# Section 1-0 - Prelude

We'll start with the Kaggle Titanic dataset. The dataset is a list of Titanic passengers with features such as class, age, sex and fare. We'll use these features to train a model, and use the model to predict whether or not each passenger survived. A more detailed treatment of the dataset can be found here:

https://github.com/savarin/python_for_ml

In [1]:
import numpy as np
import pandas as pd
from sklearn.preprocessing import StandardScaler
from time import time

np.random.seed(1337)

df = pd.read_csv('data/titanic.csv')

In [2]:
df.head()

Unnamed: 0,Survived,Class,Sex,Age,Fare
0,0,3,1,22,7.25
1,1,1,0,38,71.2833
2,1,3,0,26,7.925
3,1,1,0,35,53.1
4,0,3,1,35,8.05


We split the data 80-20 into training and test sets. In addition, we scale the data so that each column has mean 0 and standard deviation 1, and create one-hot vectors with the labels (analogous to dummy variables).

In [3]:
df_train = df.iloc[:712, :]

scaler = StandardScaler()
features = ['Class', 'Sex', 'Age', 'Fare']
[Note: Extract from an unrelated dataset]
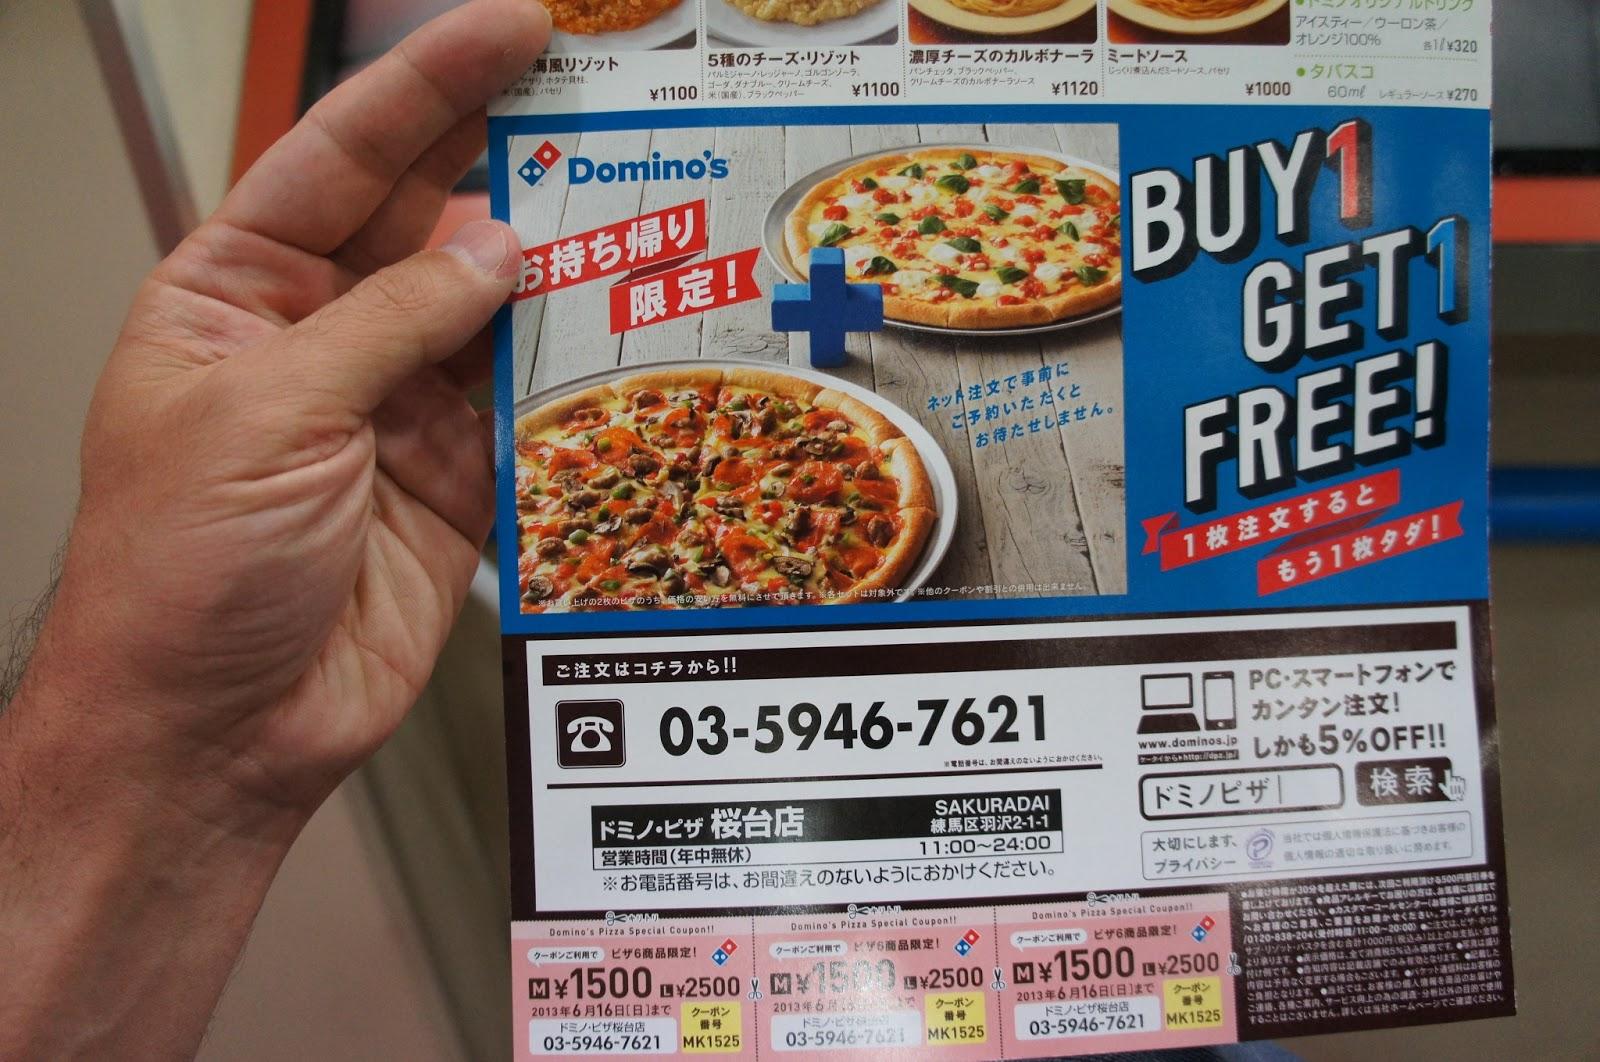 Tokyo Belly: SAKURADAI: Domino's Pizza... Buy 1 Get 1 Free!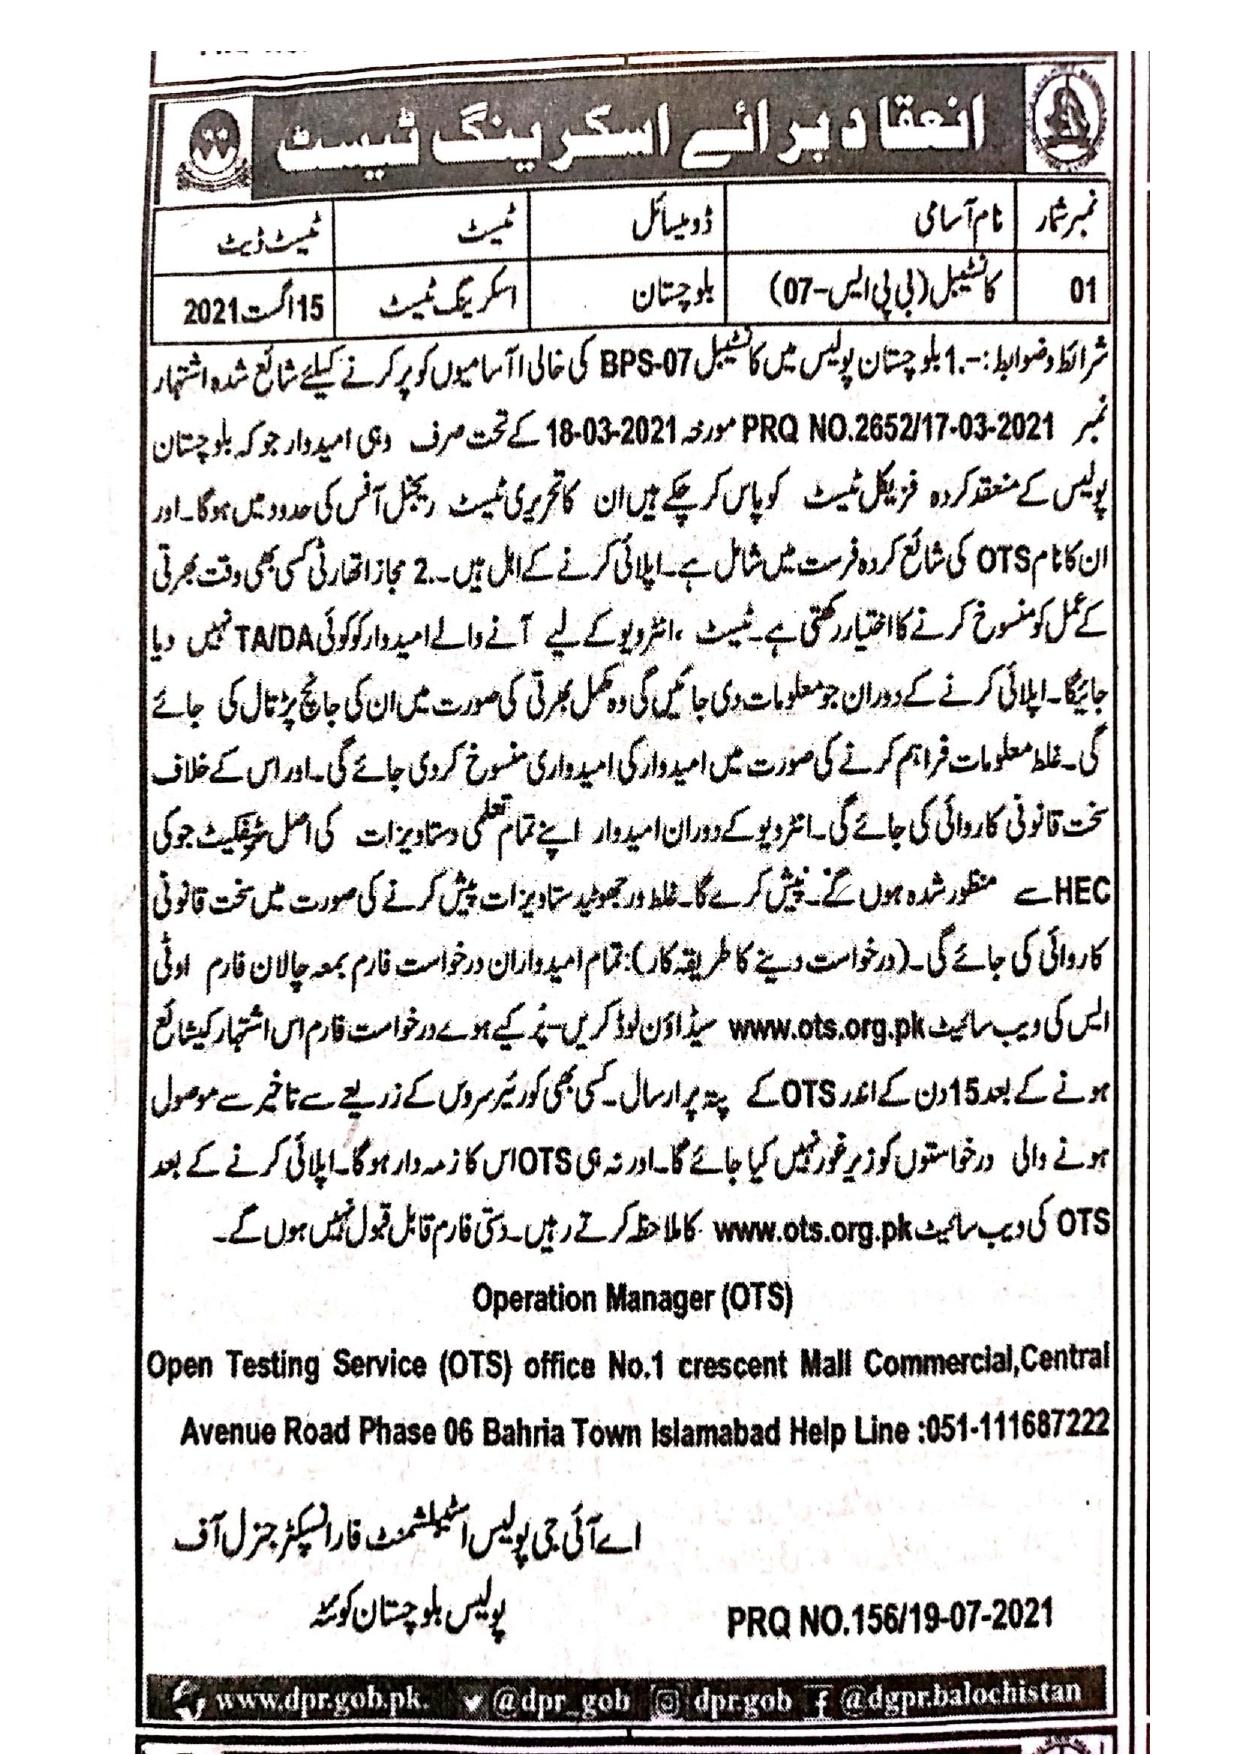 Balochistan Police OTS Jobs Apply Online Roll No Slip

X_train = scaler.fit_transform(df_train[features].values)
y_train = df_train['Survived'].values
y_train_onehot = pd.get_dummies(df_train['Survived']).values

In [4]:
X_train[:5, :]

array([[ 0.83290956,  0.74926865, -0.61259594, -0.51933199],
       [-1.55353553, -1.33463478,  0.6184268 ,  0.79718222],
       [ 0.83290956, -1.33463478, -0.30484025, -0.5054541 ],
       [-1.55353553, -1.33463478,  0.38761004,  0.42333654],
       [ 0.83290956,  0.74926865,  0.38761004, -0.50288412]])

In [5]:
y_train[:5]

array([0, 1, 1, 1, 0])

In [6]:
y_train_onehot[:5]

array([[ 1.,  0.],
       [ 0.,  1.],
       [ 0.,  1.],
       [ 0.,  1.],
       [ 1.,  0.]])

In [7]:
df_test = df.iloc[712:, :]

X_test = scaler.transform(df_test[features].values)
y_test = df_test['Survived'].values

 ## Benchmark

To create a basis for comparison, we train a Random Forest model and record the accuracy on the test set.

In [8]:
from sklearn.ensemble import RandomForestClassifier

model = RandomForestClassifier(random_state=0, verbose=3)
model = model.fit(X_train, y_train)

y_prediction = model.predict(X_test)
print "\naccuracy", np.sum(y_prediction == y_test) / float(len(y_test))

building tree 1 of 10
building tree 2 of 10
building tree 3 of 10
building tree 4 of 10
building tree 5 of 10
building tree 6 of 10
building tree 7 of 10
building tree 8 of 10
building tree 9 of 10
building tree 10 of 10

accuracy 0.810055865922


[Parallel(n_jobs=1)]: Done  10 out of  10 | elapsed:    0.0s finished
[Parallel(n_jobs=1)]: Done  10 out of  10 | elapsed:    0.0s finished


## 1-layer Neural Network

For the input, we have a vector of length 4 that represents each passenger's features. As an example, we consider the first passenger in the dataset.

In [9]:
print X_train[0]

[ 0.83290956  0.74926865 -0.61259594 -0.51933199]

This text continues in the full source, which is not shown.